Tone Of Voice Guide

What is tone of voice, anyways?

Tone of voice is how you chose to communicate your company’s core values through interactions with your customers. It is the words you chose to use, the way you want your customers to perceive you.

In my talk on support during WordCamp US this year, I touched on this subject and explained why you should have such a guide. I’d like to expand on what I said, and give you a couple more resources to use.

Why is tone of voice important?

Communicating synchronously across all your platforms – like your newsletter, Facebook page, and helpdesk, to name a few – is important. But why is that?

If you use the same colors across the previously mentioned platforms, it makes sense if you do the same with your communication, right? This is where your tone of voice guide comes in.
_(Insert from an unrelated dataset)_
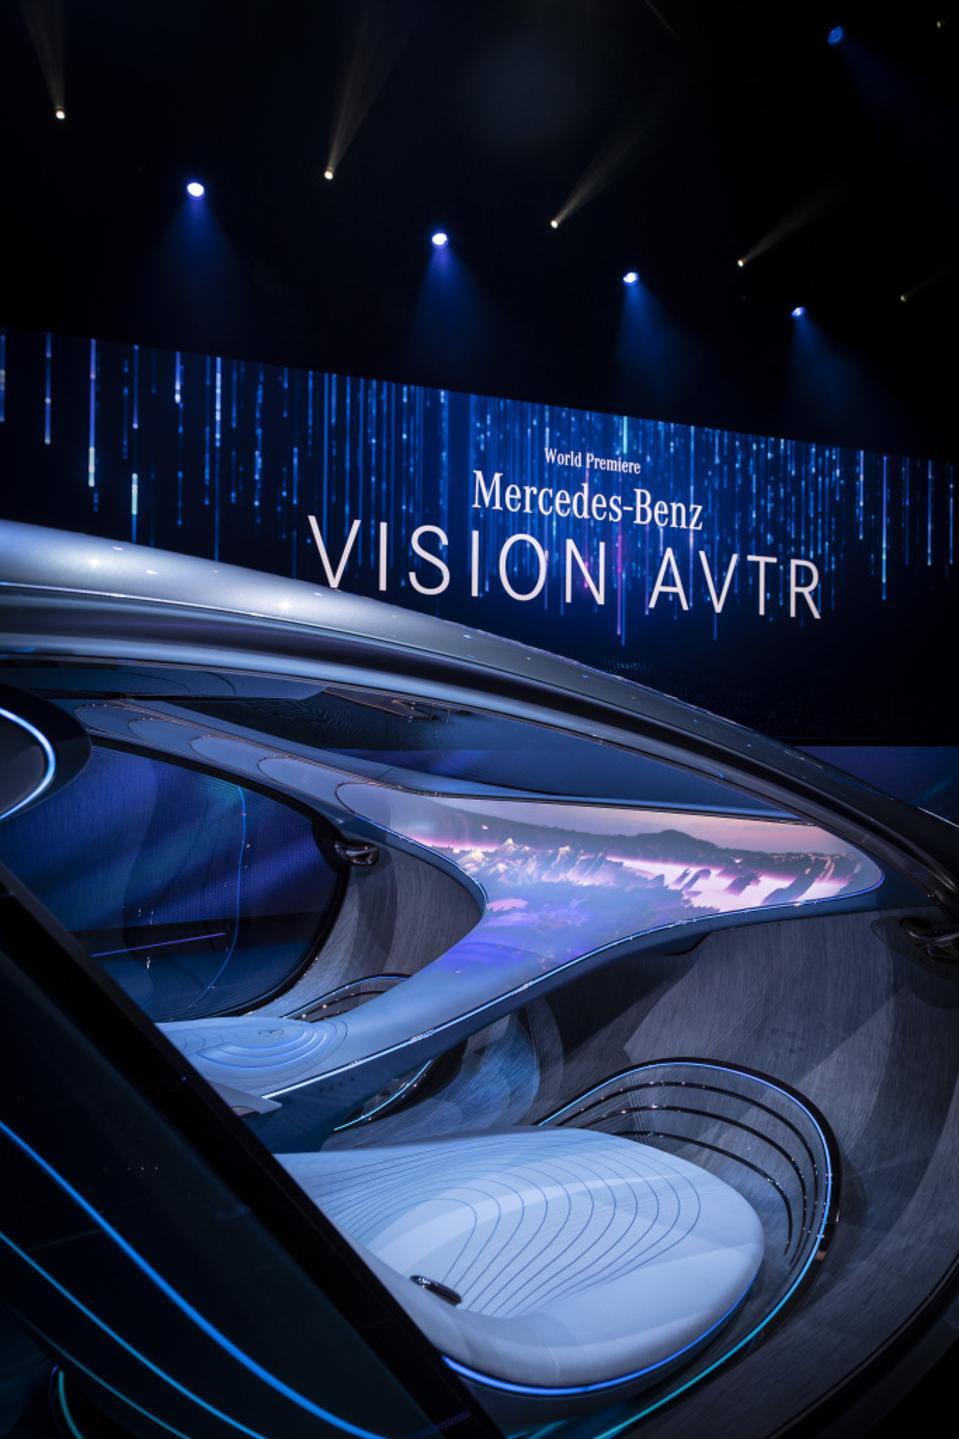 Mercedes-Benz AVTR at CES 2020

It underlines your company culture

Having a solid, written down guide that describes your company’s way of communicating shows the world: this is who we are. We might be many within this company, but we are all human and working towards a similar goal.

It literally pays off

Your customers feel more comfortable when they know they can expect the same treatment from you every time they get in touch. This makes it more likely for you to make a repeat sale.

It makes hiring new agents easier

When you are in need of a new support engineer, having a written tone of voice guide makes it easier for you to determine if a candidate fits your style. Can they keep up the tone you set?
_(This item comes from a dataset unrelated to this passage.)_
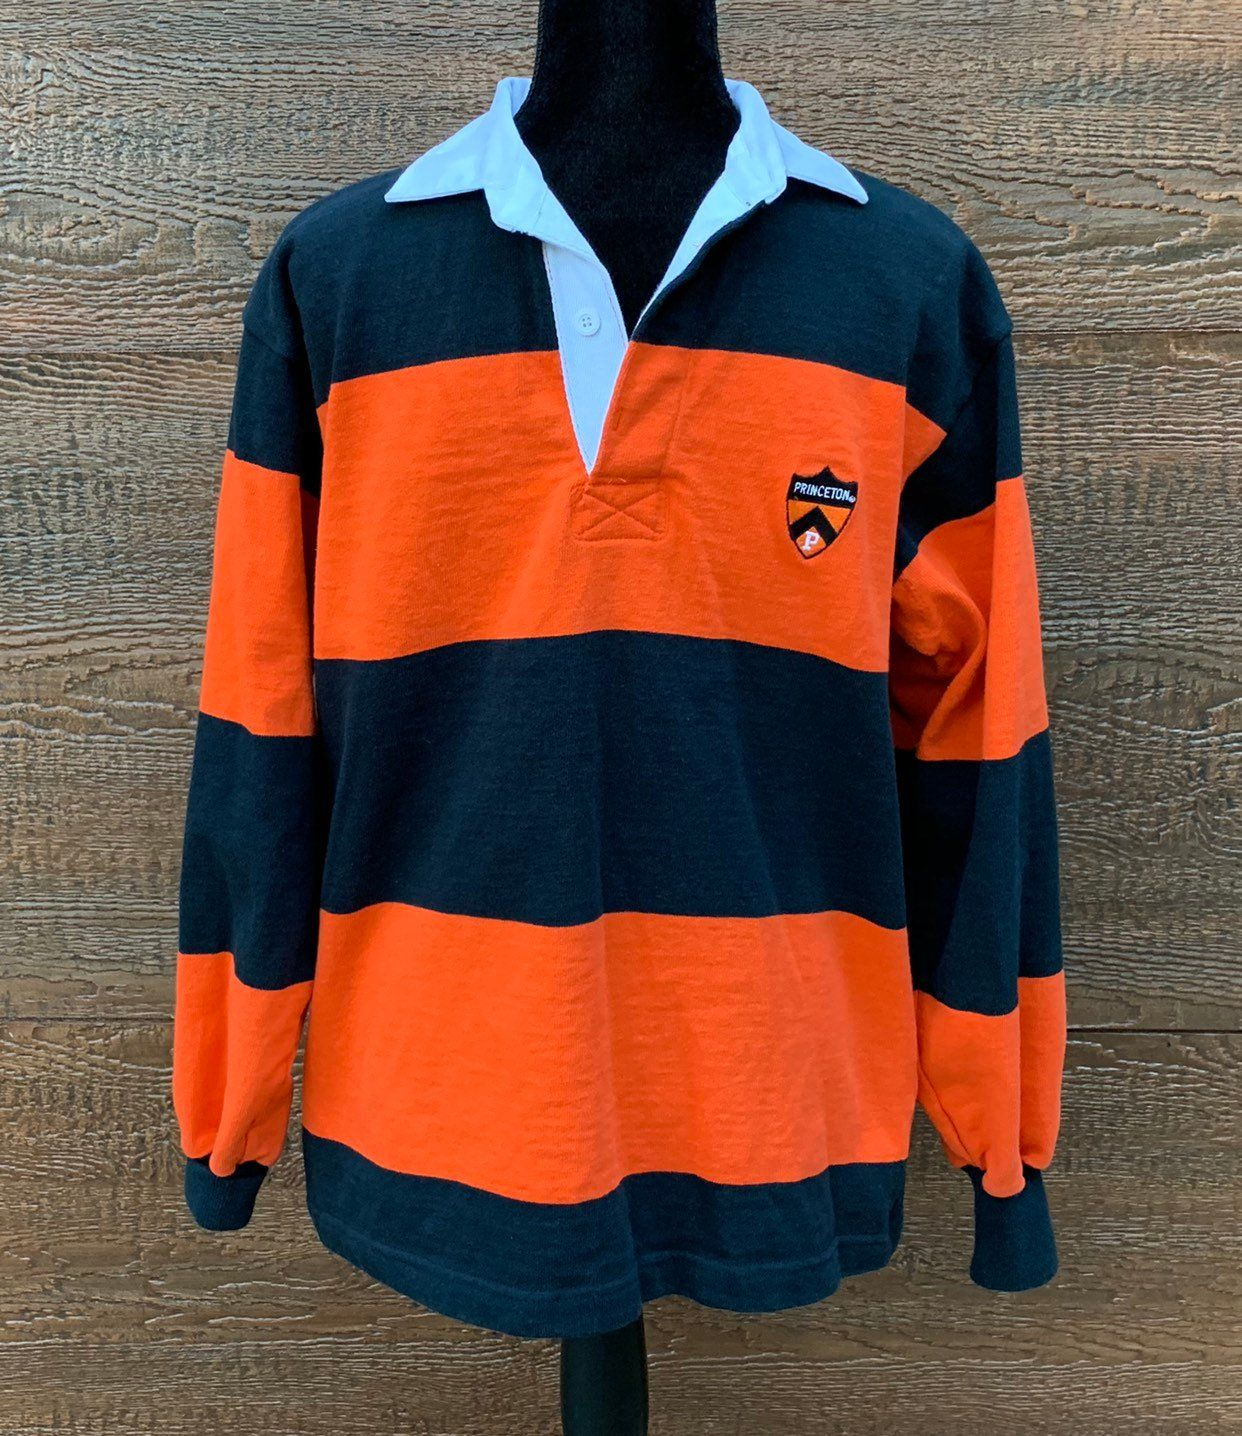 Princeton University Vintage80s Orange Black Striped Rugby Shirt Men S Medium Https Etsy Me 2mhvbqr Clothing Navy Striped Shirt Mens Shirts Rugby Shirt

It also makes training that much easier. If you have an existing team, writing down what your tone is can help point everyone in the same direction.

Questions to ask yourself

It’s easier that you might think to set up your own guide. What it requires is your time and energy – to sit down during the development process instead of trying to fix things after releasing your product.

Tone of voice questions
One of the slides in my WordCamp US talk about support. Find all slides and the transcript here.

There are a lot of questions you can ask yourself (and your team) in order to determine your tone:

  • Which words will we absolutely not use?
  • In three keywords, how do we describe our tone?
  • How do we want our customers to feel?
  • How do we handle disputes?
  • How do we tell customers ‘no’?
  • What are our core values?
  • Are we formal, or informal?
  • How do we use jargon and lingo?

Put yourself in your customer’s shoes: if you were buying from your company, how would you like to be treated? That’s what you should be writing down.
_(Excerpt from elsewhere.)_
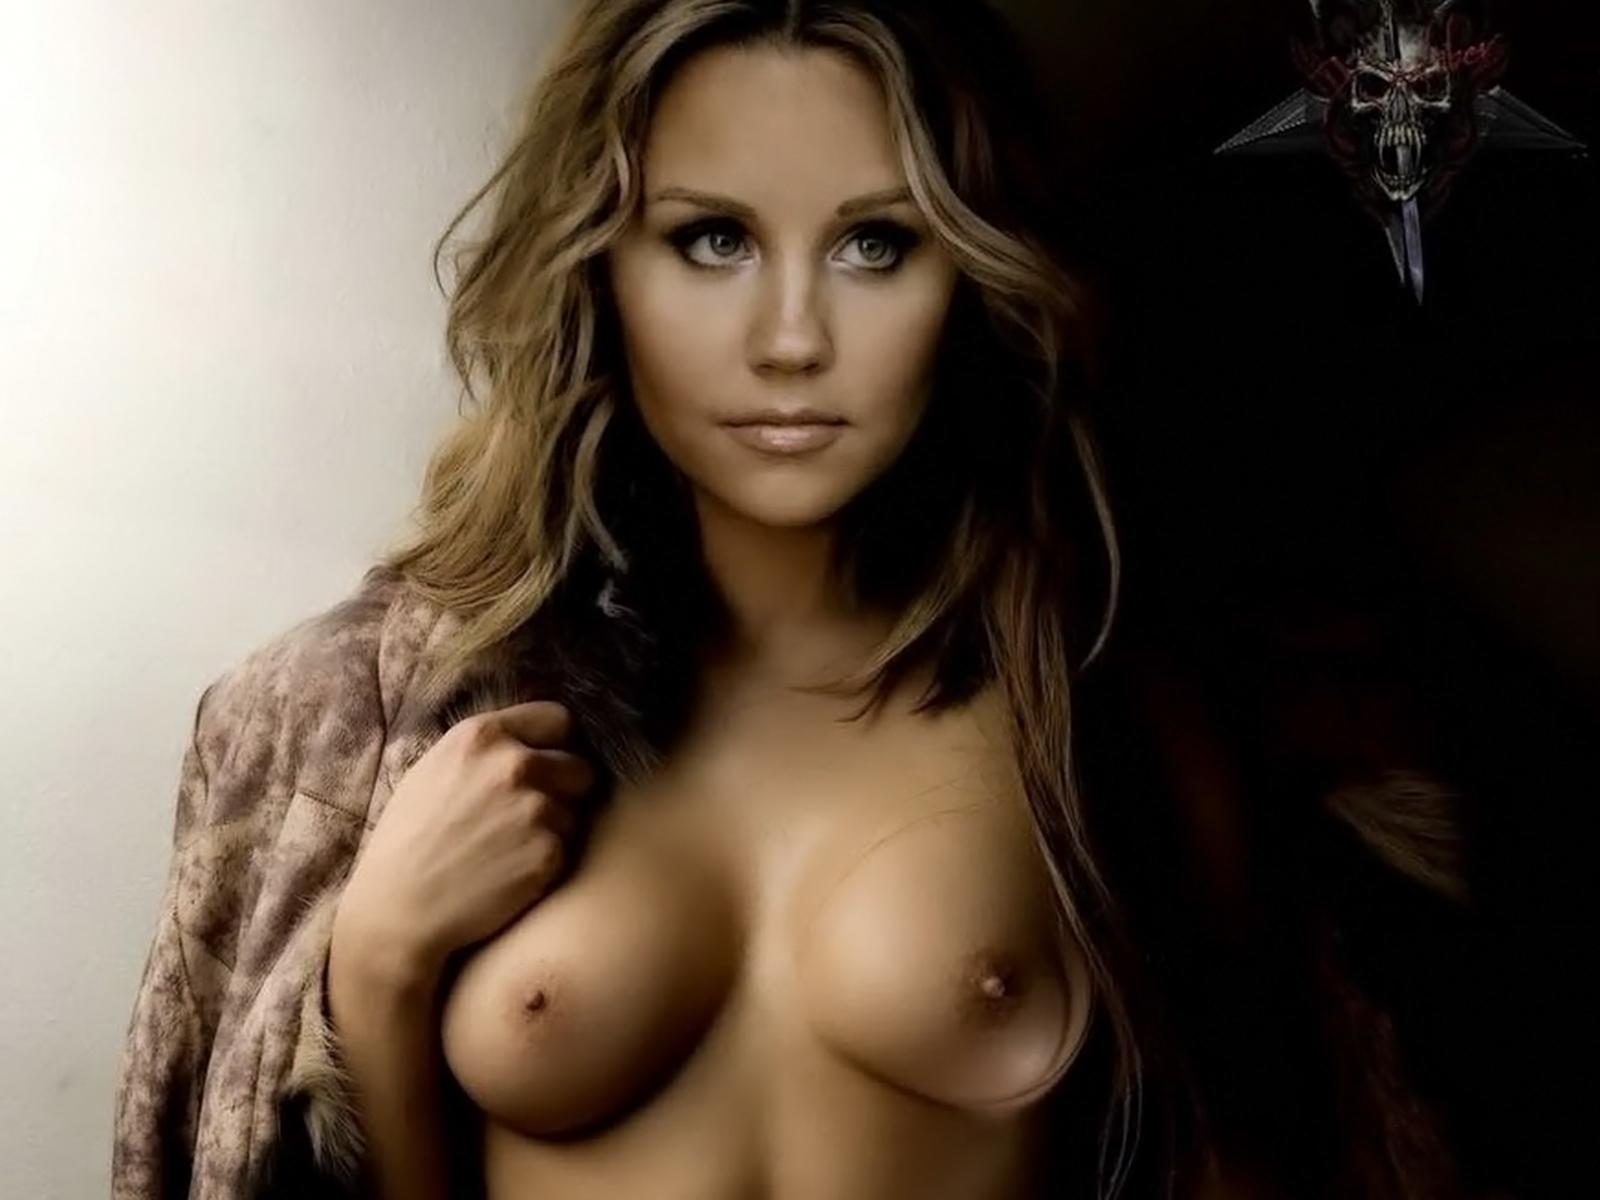 amanda bynes nude hot topless

At the end of this article you can find a few more resources to use when setting up your own guide.

Consider publishing your guide

MailChimp’s wonderful tone guide is open to the public, as is Buffer’s. It helps them be clear to everyone what their values are.

I personally think it would be a great thing to see more companies in the WordPress world to show that they care about the relationship between developers and end users. If you are in the process of writing your tone guide, or have one already, please consider opening it up to the public.